This is a blocker as well for my project, and I do not see what the reason is that the search API does not expose the dataset ID's by default.
As it turns out, several dataverse installations I've tested do provide the id's when the 'show_entity_ids=true' parameter is passed in the URL. However, this feature is undocumented in the API docs.
See also #1717 which spawned this ticket. I think @michbarsinai @scolapasta and I need to get together and decide on an approach to try. Options include:
/api/datasets?persistentId=doi:10.7910/DVN/UXTXA/api/datasets/doi%3A10.7910%2FDVN%2FUXTXA/api/datasets/versions/:latest/doi:10.7910/DVN/UXTXA@garthg means well when he suggests escaping the DOI in the URL like /api/datasets/doi%3A10.7910%2FDVN%2FUXTXA/versions/:latest (and @michbarsinai suggested the same at https://github.com/IQSS/dataverse/issues/1717#issuecomment-87414448 ) but my goodness is that hard on the eyes. I would much prefer using a query parameter like this: /api/datasets?persistentId=doi:10.7910/DVN/UXTXA which is exactly what we do on the dataset page: https://dataverse.harvard.edu/dataset.xhtml?persistentId=doi:10.7910/DVN/UXTXA
Another approach would be to put the DOI at the end of the URL, like we do with SWORD ( /dvn/api/data-deposit/v1.1/swordv2/edit/study/doi:10.7910/DVN/UXTXA ) but I favor the query parameter approach.

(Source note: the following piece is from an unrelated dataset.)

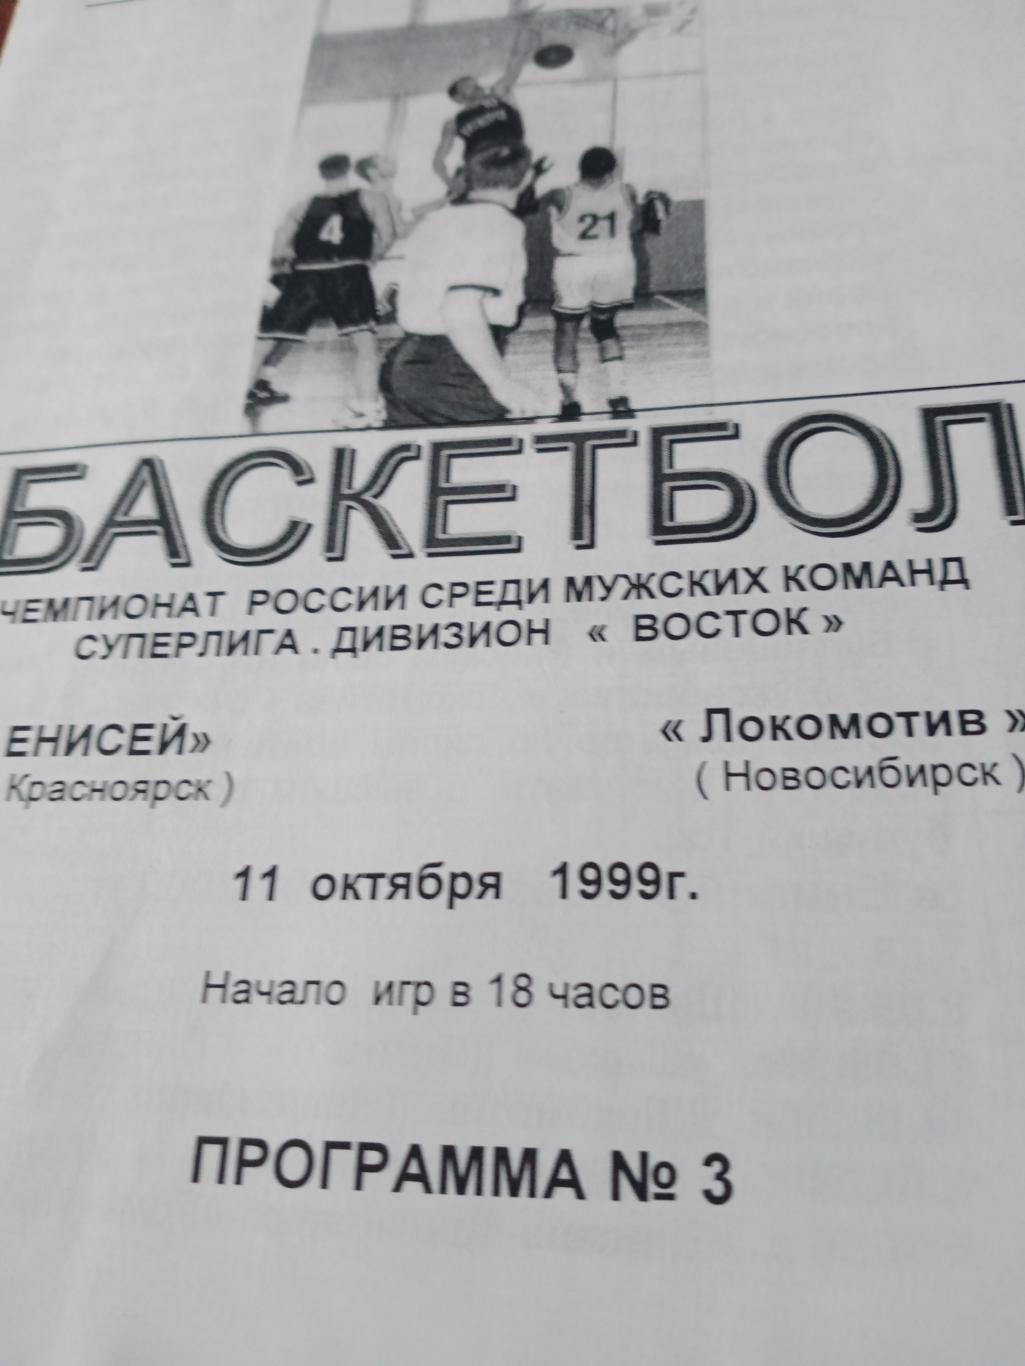 Енисей Красноярск - Локомотив Новосибирск. 11 октября 1999 год

Whatever we decide on we would, of course, continue to support the old way for a while. And I think we should continue to support looking up a dataset by id, even if we use a query parameter (/api/datasets?id=42).
Another option is to have a DOI endpoint. This will also allow to point to different types of items from a DOI, which is, I think, one of the main goals of the DOI project.
Something along the lines of:
/api/doi/10.7910/DVN/UXTXA
Not sure how to deal with versions there - we could append them (/api/doi/12.3456/DVNE/UXTXA/versions/:latest) and use some semi-clever URL parsing. Or we could return a list of the versions, and have the client access a specific version via the existing API.
@RinkeHoekstra In case it's helpful, I wrote some Python that does cached lookup of dataverse IDs to make it slightly easier to manage this issue. Some code is on pastebin at: http://pastebin.com/ipdhEPXA . Obviously that's not a substitute for proper implementation through the API, but I wanted to pass it along just in case it's helpful.
@garthg thanks! I found similar code somewhere on Github and now have a workaround.
A separate issue is that the search API is rather picky as to how the DOI is quoted. For instance Python requests always quotes the query parameters in a GET request, but the API then searches for the quoted string rather than unquoting it first. But that is a separate issue ...
URL scheme for external persistent ids:
http://dataverse.org/api/datasets/:persistentid/:draft?persistentid=doi:10.2.3.4./open/ended/notation*
&.Implemented in feature branch 1837-persistent-id-in-dataset-api. To test: Use the regular API testing, but refer to the dataset as http://dataverse.org/api/datasets/:persistentid/:draft?persistentid=doi:<doi-goes-here>.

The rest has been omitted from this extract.